A better way to hit bottom

After my previous post on finding minimums, a couple of people pointed out that reduce would be much better suited to the task. They’re absolutely right, but I ignored that for the last post since I had another agenda. Plus, the combination of min and reduce is an interesting one with its own wrinkles, that deserves a post of its own, so here it is.

reduce takes a sequence, a starting value, and a combining function, and uses that function to boil the sequence down to a single value. For example, to total up the values in an array:

let a = [2, 4, 6, 8]
// starting with 0, add each value
// of 'a' to a running total
let sum = reduce(a, 0, +)
// sum = 20

That certainly sounds like what we want for finding the minimum value in a sequence, with min as the combining function (as recently made possible in beta 3):

let a = [5, 4, 3, 8]
// but what to put in the starting value?
let the_min = reduce(a, ???, min)

We need to pick a starting value to use on the first call to min. Unlike with addition, there’s no natural constant to start a search for a minmum value. You could start with the maximum value for an Int, but that smells like a hack.

Using the first element of the sequence would do it:

var gen = a.generate()
if let first = gen.next() {
    reduce(a, first, min)
}

But this means the first thing this code does every time is redundantly compare the first element to itself. Strictly speaking, that’s fine from a functional behaviour point of view, and even the performance consequences amortize to negligible, but it’s not very satisfying.

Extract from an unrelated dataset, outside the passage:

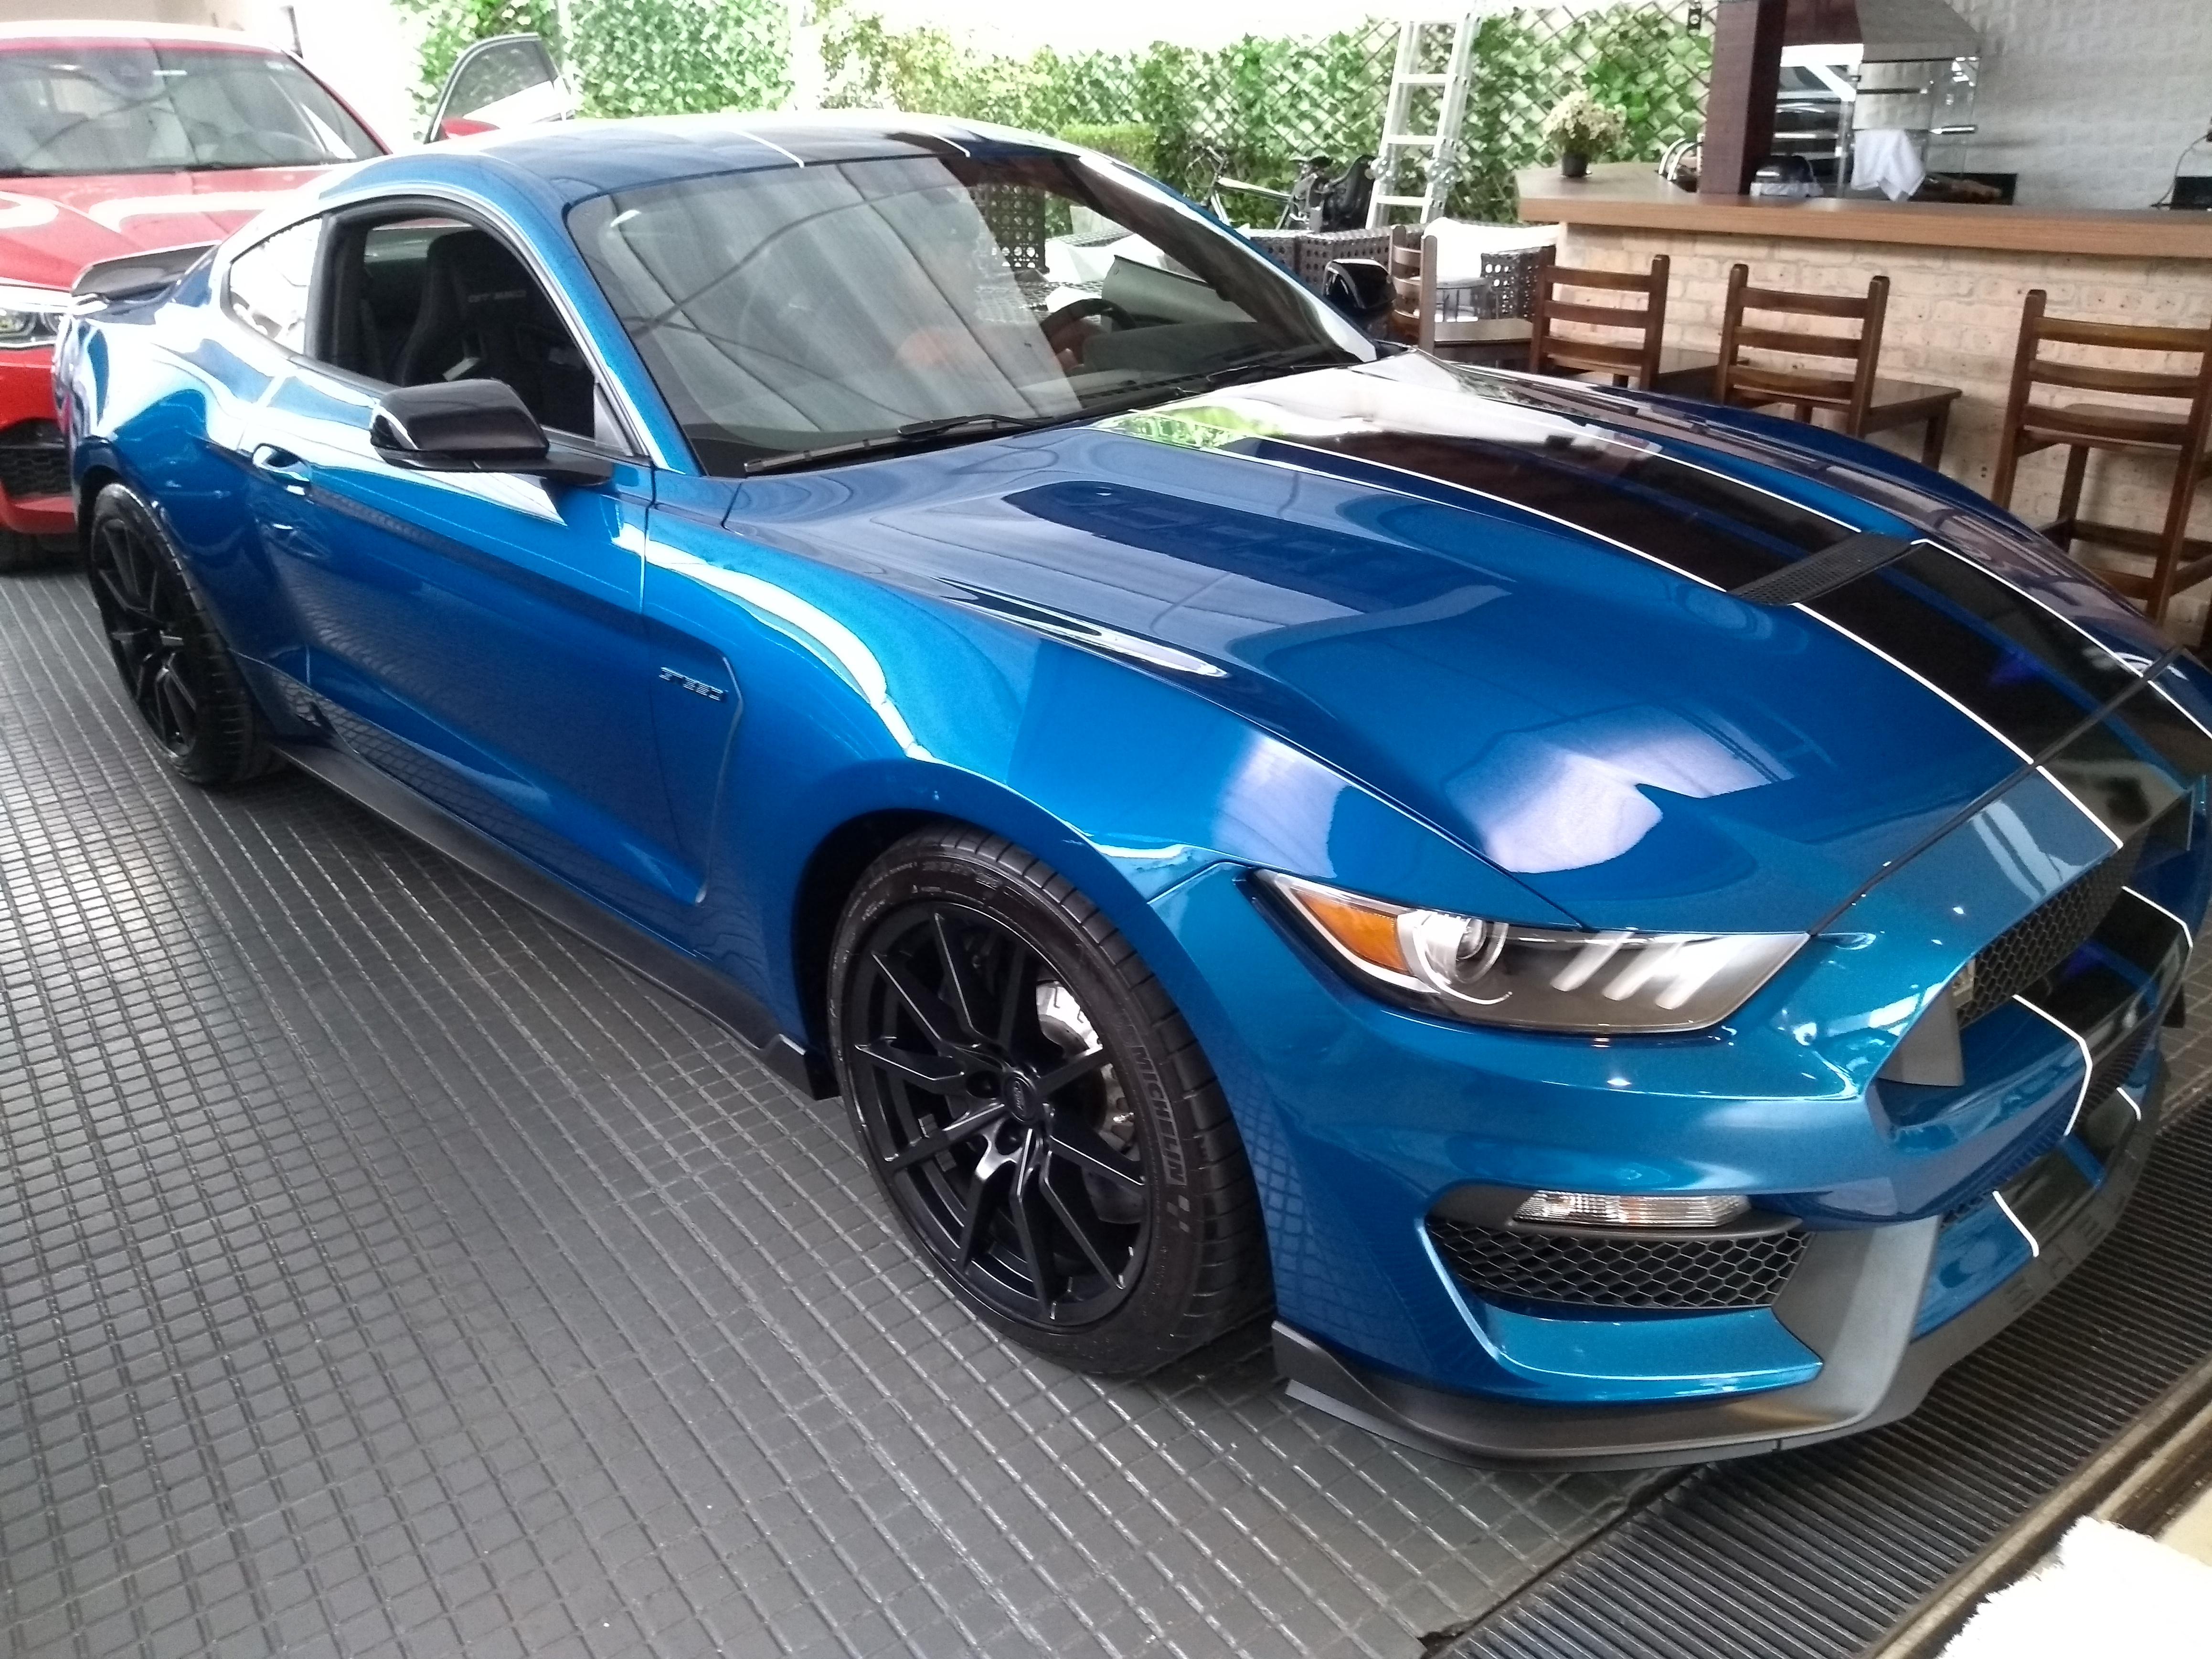 Mustang Shelby Gt350 zero km

This version avoids that problem:

var gen = a.generate()
if let first = gen.next() {
    reduce(gen, first, min)
}

Why does that work? Because Array.GeneratorType happens to be both a Generator and a Sequence. In fact, in a quick scan through the Swift standard library, I couldn’t spot any generator that wasn’t also a sequence. But just because they always are doesn’t mean they have to be, which is why implementing a generic function tail that returns all but the first element of a sequence is surprisingly tricky – but let’s leave that for a later post.

So, armed with our ability to use reduce to find a minimum, let’s implement our solution from the previous post that finds the minimum numeric value in an array of strings:

let string_ints = ["dog", "12", "cat", "4", "200", "elephant"]

var gen = string_ints.generate()
if let first = gen.next() {
    reduce(gen, first) { (lhs, rhs) in
        switch (lhs.toInt(), rhs.toInt()) {
        case (_, nil): return lhs
        case (nil, _): return rhs
        case (let i, let j): return i < j ? lhs : rhs
        }
    }
}

OK that works, but this is pretty ugly with the generator on top of that convoluted closure. And remember last time I mentioned there were still a couple of issues – if string_ints contains no integer strings, it’ll just return the first non-integer string. And it does every integer conversion twice.

Do we still need the generator? Our closure that chooses between sequence elements now discards nil values as soon as it finds a non-nil one. That means that we could supply nil as our initial argument. This also means a returned value of nil could stand in for “not found”, either because the sequence was empty, or because it contained no strings convertible to numbers.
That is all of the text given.